** WHAT TO DO **
Once you find the line with "Octopus Pillow: Marine" in the entries below, print it and each line after it up to and including the line with "F Major music video poster by Jamie Edler", exactly, without pictures.

** MATERIALS PROVIDED **
BEGIN

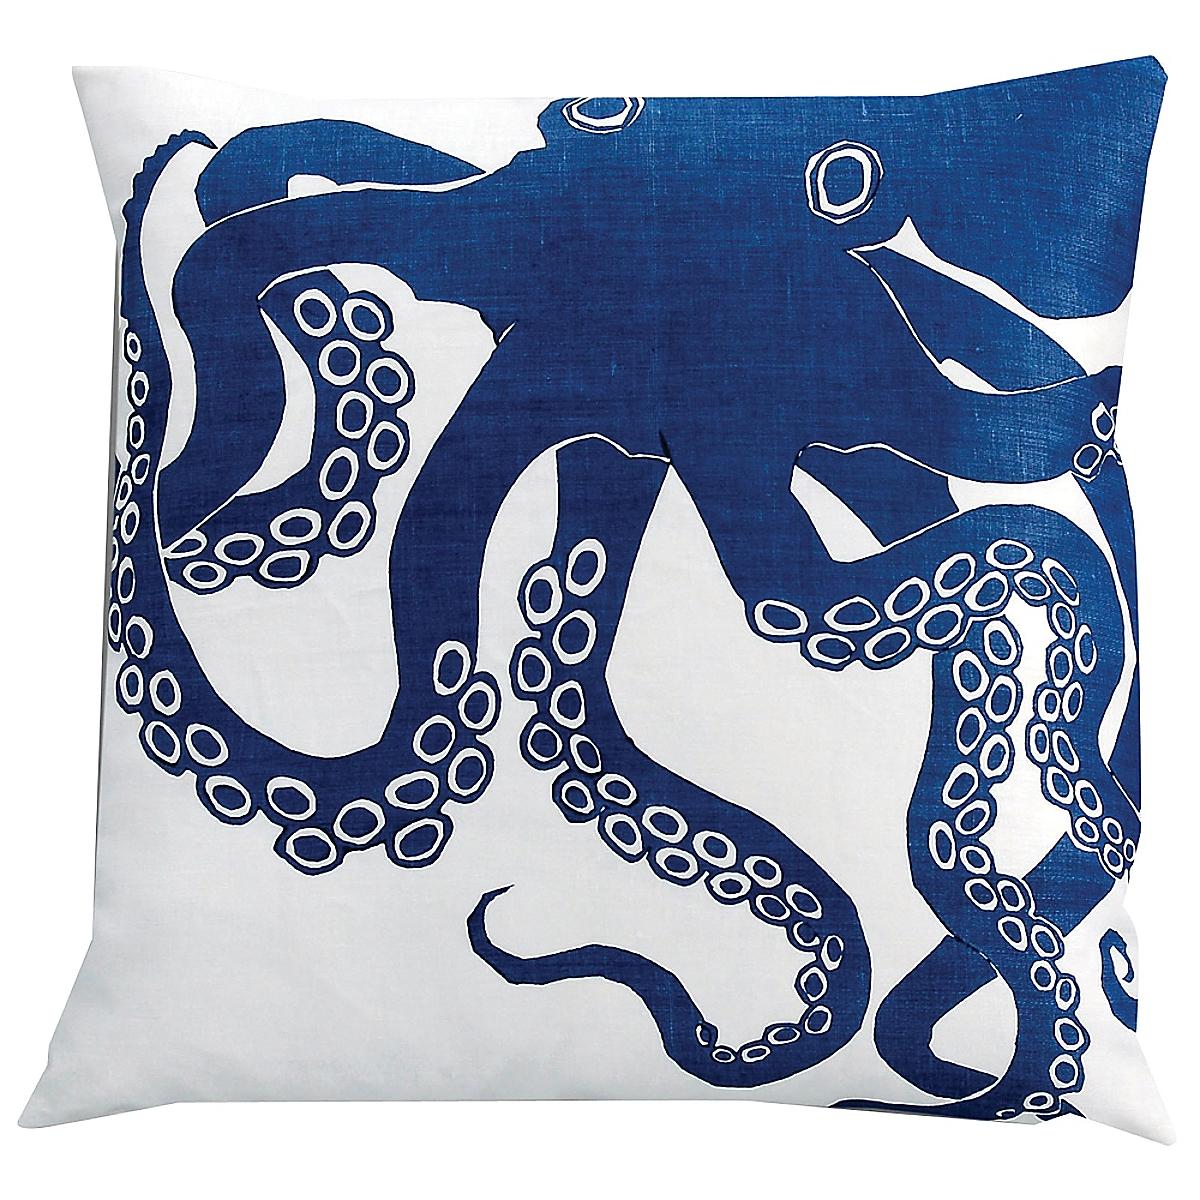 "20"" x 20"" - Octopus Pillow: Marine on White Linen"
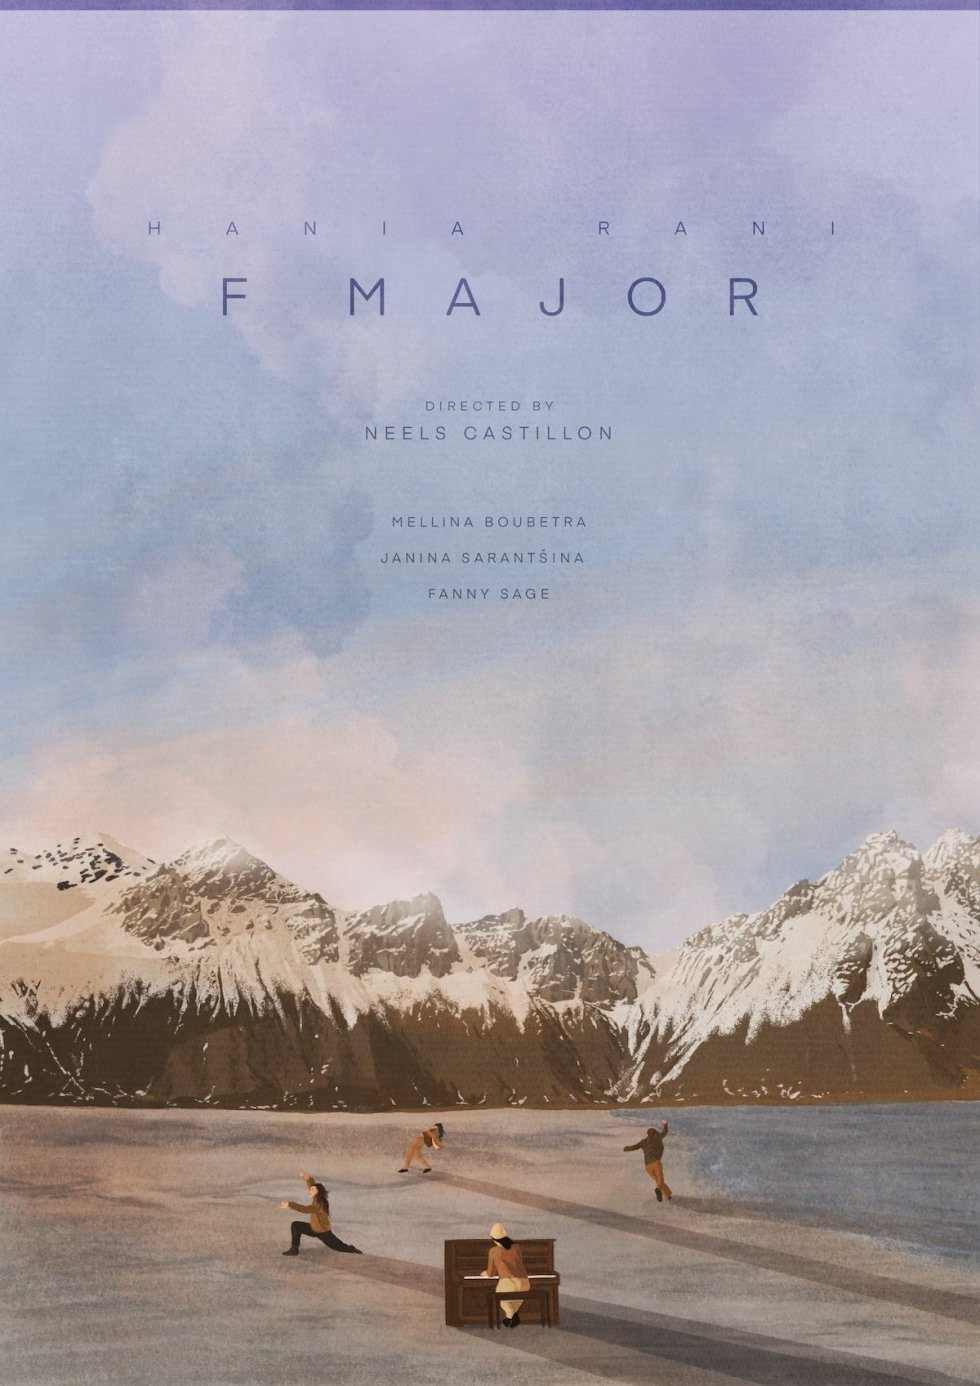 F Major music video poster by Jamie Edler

END
BEGIN

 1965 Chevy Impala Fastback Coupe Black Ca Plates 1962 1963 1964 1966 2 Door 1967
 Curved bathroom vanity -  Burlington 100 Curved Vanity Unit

END
BEGIN

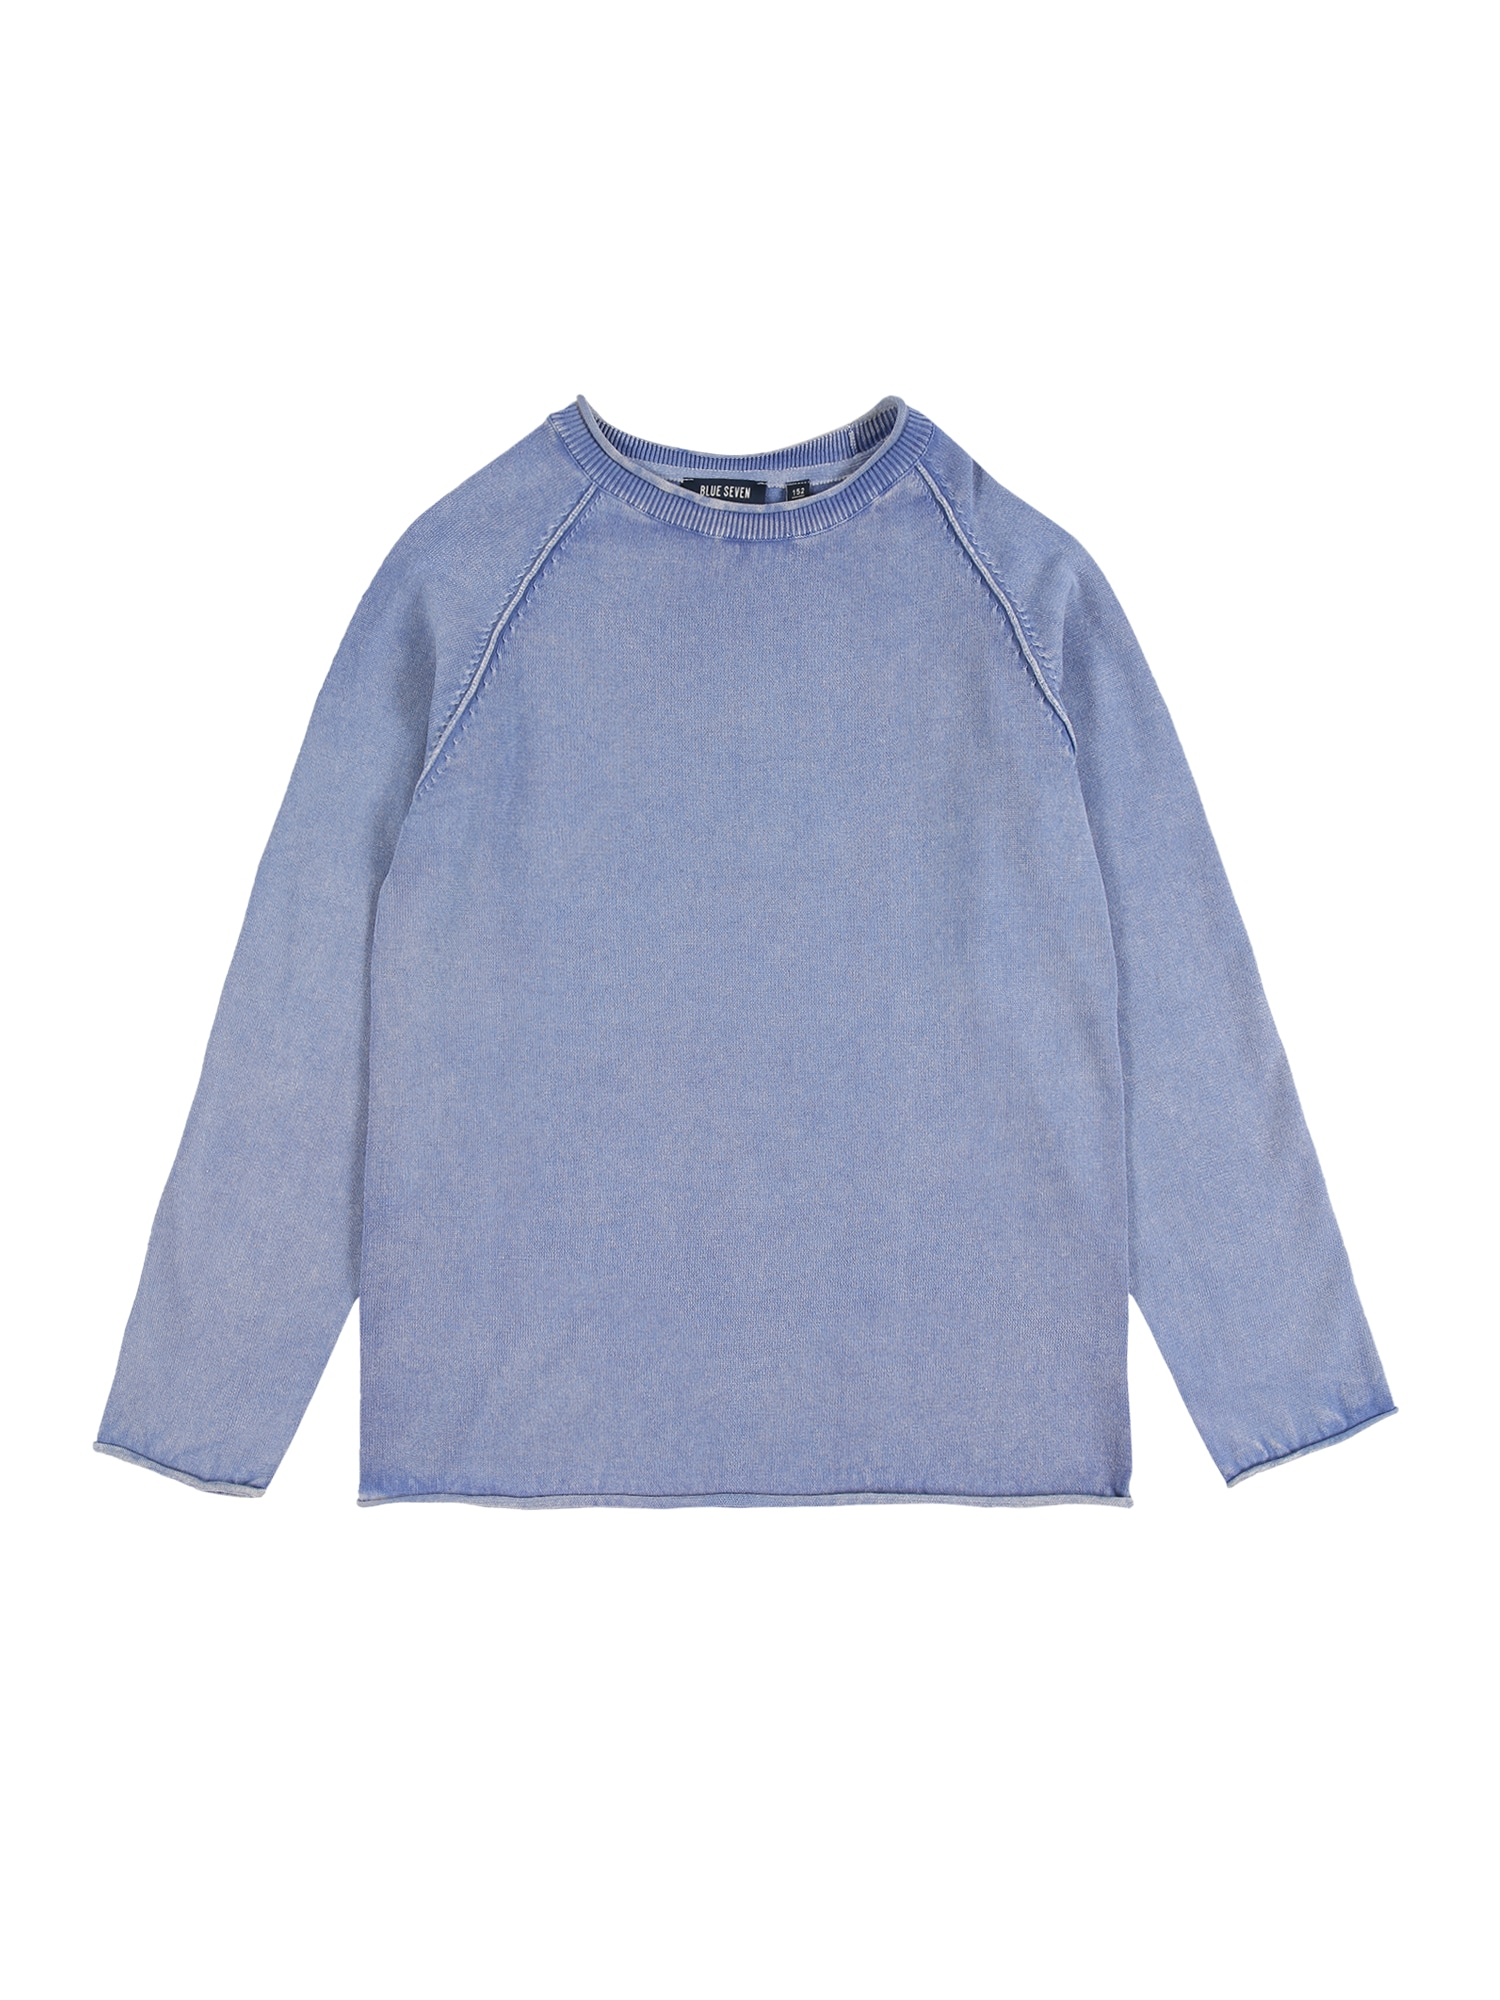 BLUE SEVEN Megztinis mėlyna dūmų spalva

END

** EXPECTED OUTPUT **
 "20"" x 20"" - Octopus Pillow: Marine on White Linen"
 F Major music video poster by Jamie Edler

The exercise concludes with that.